→ **REQUIRED WORK**
Leave every picture out and give back the lines below from the first through the line that holds "a map of the", exactly as written.

→ **DATA SECTION**
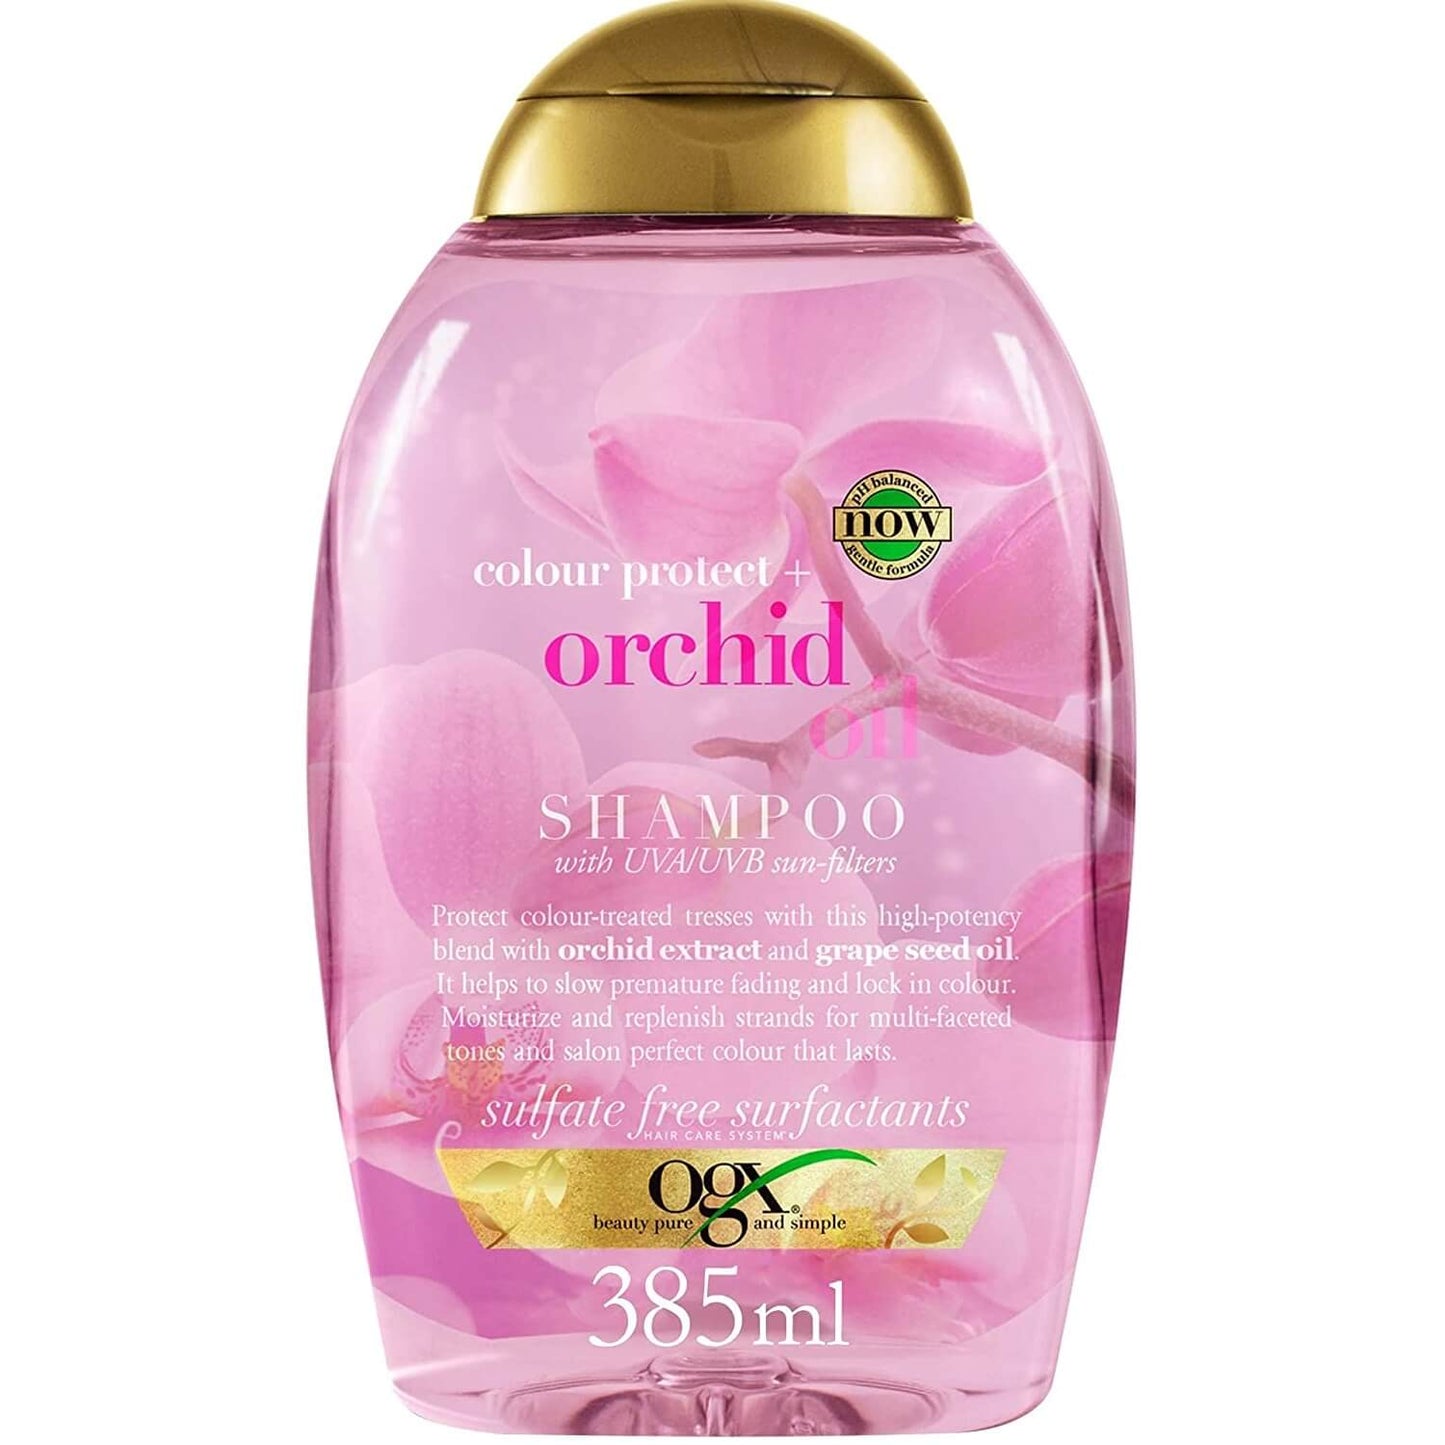 OGX (UK) Colour Protect Orchid Oil Shampoo 385ml
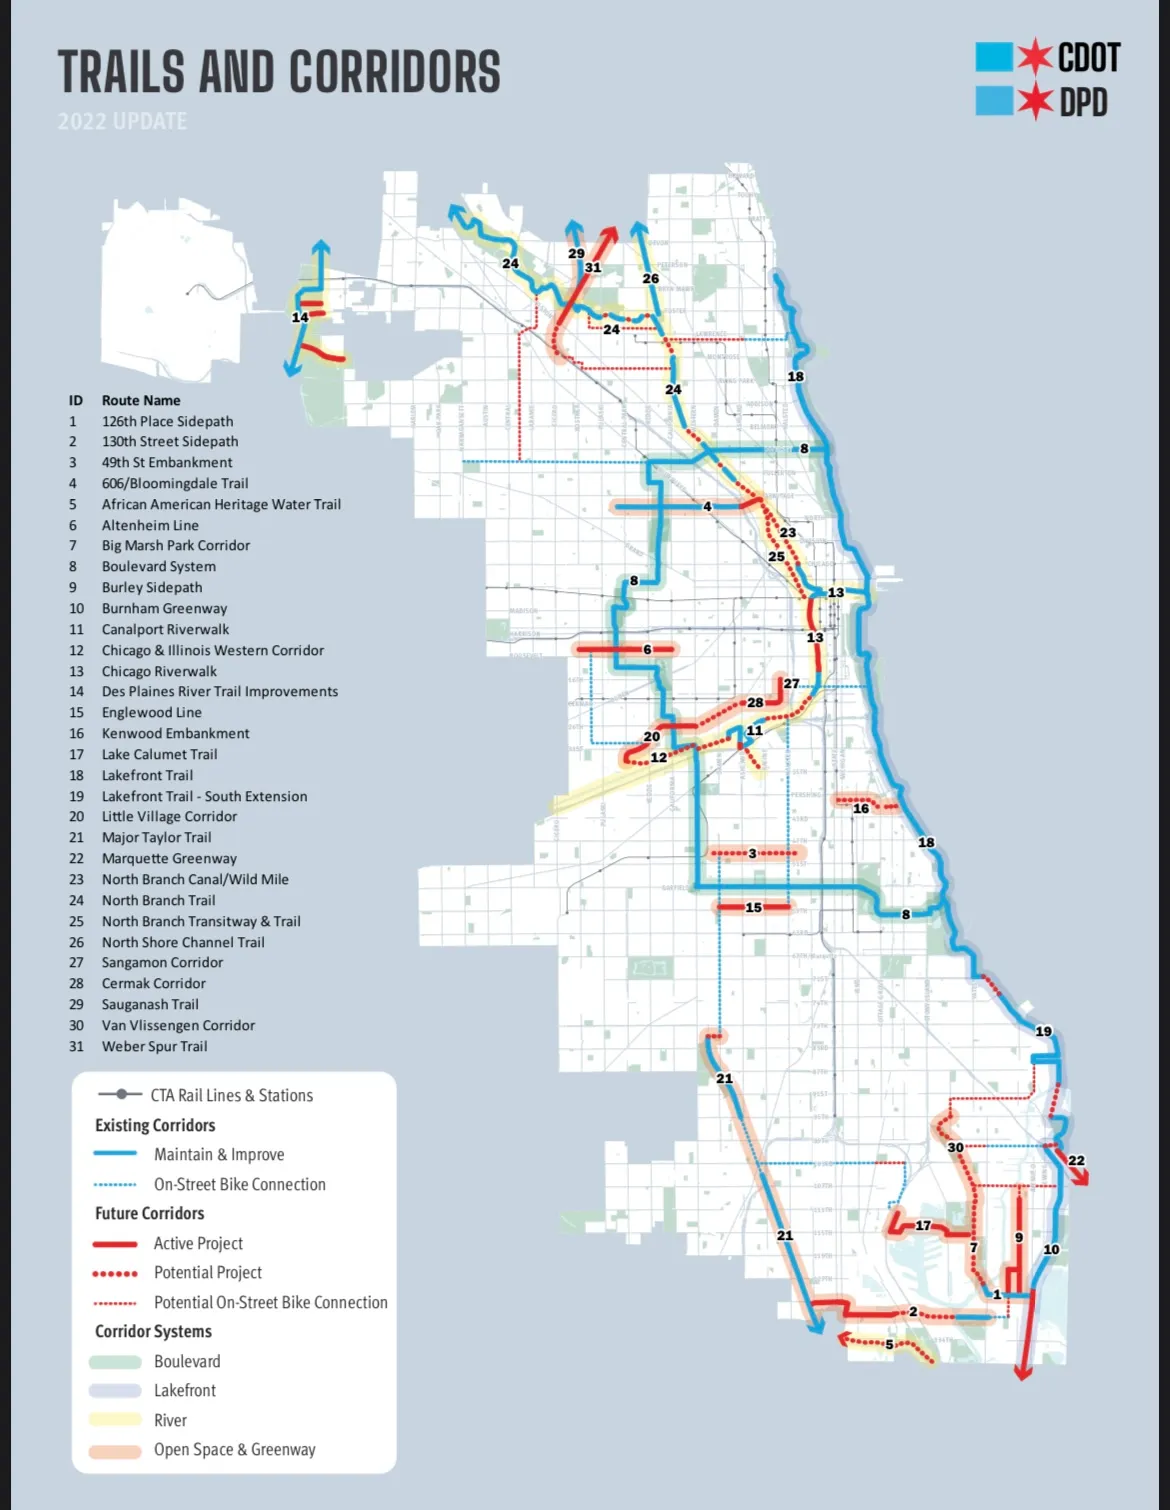 a map of the city of Chicago that denotes all of the trails and corridors. The legend includes the names of each route and how these trails interact with other city landmarks and aspects.
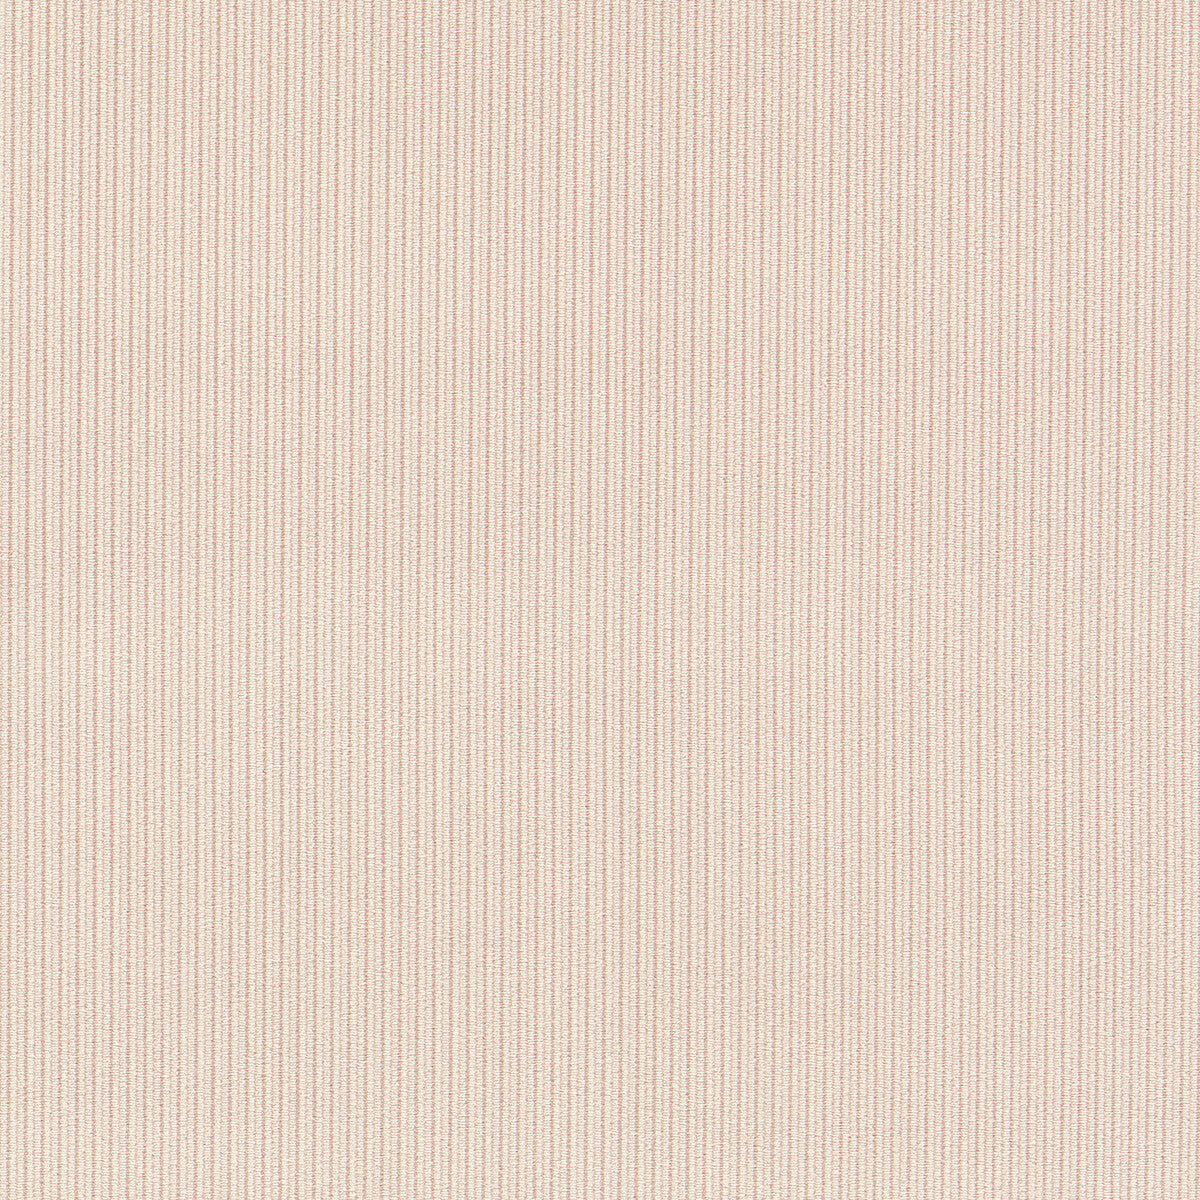 Ashdown fabric in blush color - pattern F1688/02.CAC.0 - by Clarke And Clarke in the Whitworth collection

→ **RESPONSE**
 OGX (UK) Colour Protect Orchid Oil Shampoo 385ml
 a map of the city of Chicago that denotes all of the trails and corridors. The legend includes the names of each route and how these trails interact with other city landmarks and aspects.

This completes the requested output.